Another recent bill Hendon sponsored was aimed at expanding opportunities for minority owned businesses to compete and ultimately bring additional film projects and television studios to Illinois.

There was substantial tension between Hendon and then colleague Barack Obama, culminating after five years in a 2002 shoving match. Nonetheless, Hendon supported Obama in the 2008 presidential election.

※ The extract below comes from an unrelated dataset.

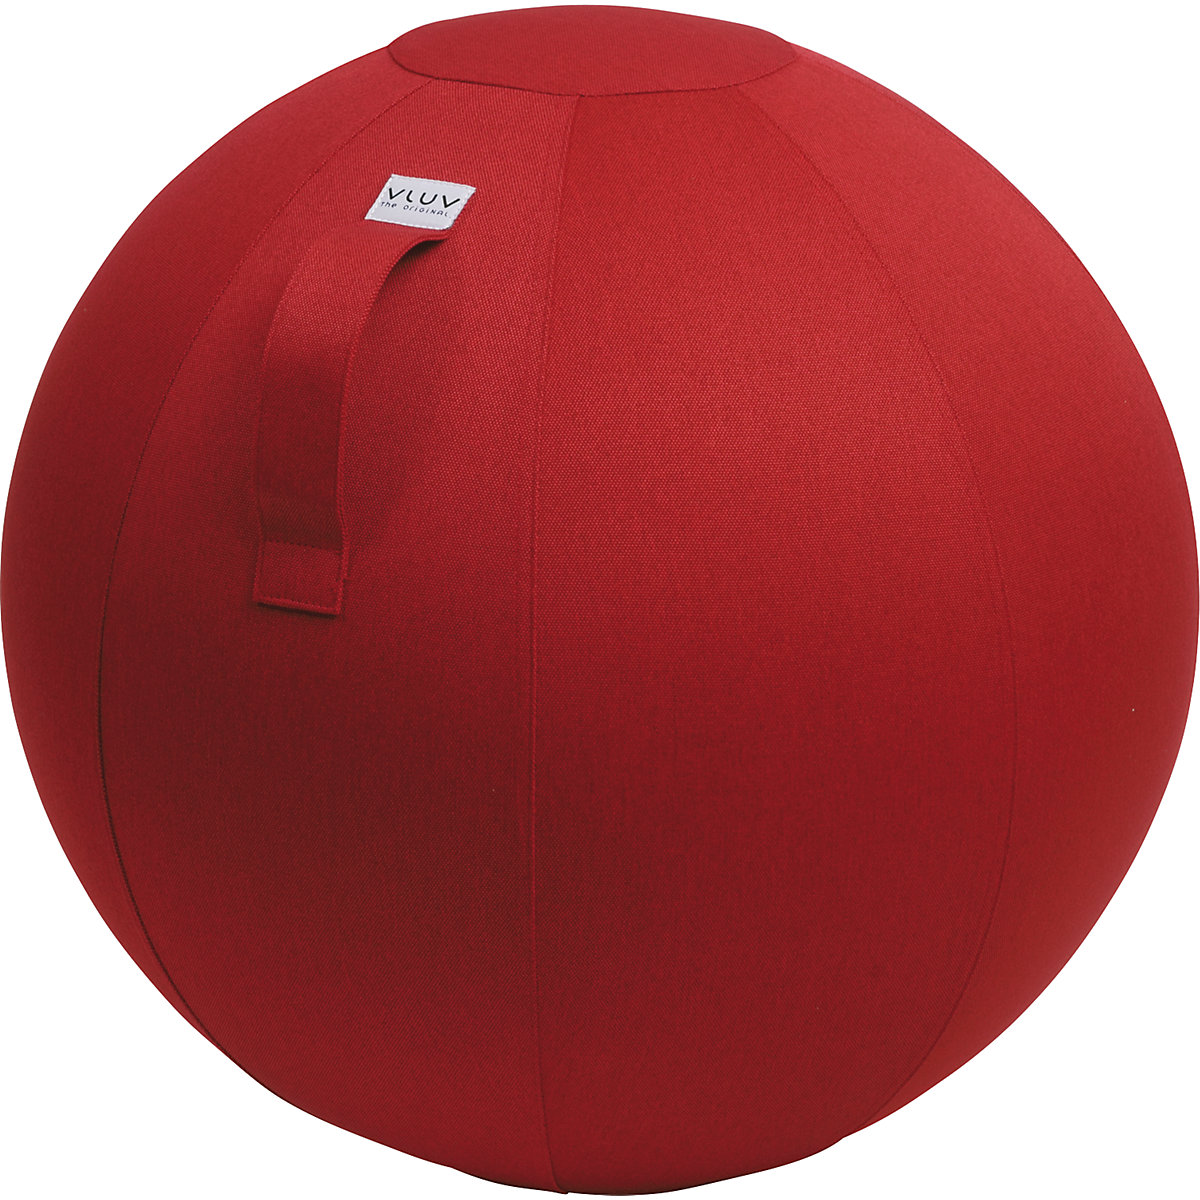 Piłka do siedzenia LEIV – VLUV, pokrowiec z tkaniny o wyglądzie płótna, 500 – 550 mm, rubinowo-czerwona-8

In 2009, Senator Hendon was a principal proponent of a bill for $31 billion in capital-spending for education passed in May by the state Legislature. Part of the bill would have ensured that 40 million in funds would go to Chicago State University for a West Side campus. The interim president said he had no knowledge of plans for West Side branch. However, a 2007 feasibility study indicated strong community and prospective student support for a satellite campus. He resigned his elected office in the Illinois State on 2/24/11.

== Controversies ==
In October 2010, a federal grand jury issued subpoenas for state grants sponsored by Hendon, and there is currently an investigation going on regarding those grants. In that same month, Hendon made "nasty" remarks about State Senator Bill Brady, who was the Republican nominee for Governor. While introducing Illinois Governor Pat Quinn, Hendon told the crowd that he had "never served with such an idiotic, racist, sexist, homophobic person in my life... If you think that women have no rights whatsoever, except to have his children, vote for Bill Brady. If you think gay and lesbian people need to be locked up and shot in the head, vote for Bill Brady." Hendon's remarks were immediately disavowed by Governor Quinn, among others, and Hendon was sharply criticized by members of the Illinois media. Hendon later tried to apologize to Brady on the Senate floor, but Brady would not accept his apology.

== Personal life ==
Hendon was born in Cleveland, Ohio. He and his wife, Dawn, have five children. They attend Mt. Sinai Baptist Church. Hendon was leader of the Senate softball team. In 1992 he wrote and starred in the film "Butterscotch and Chocolate."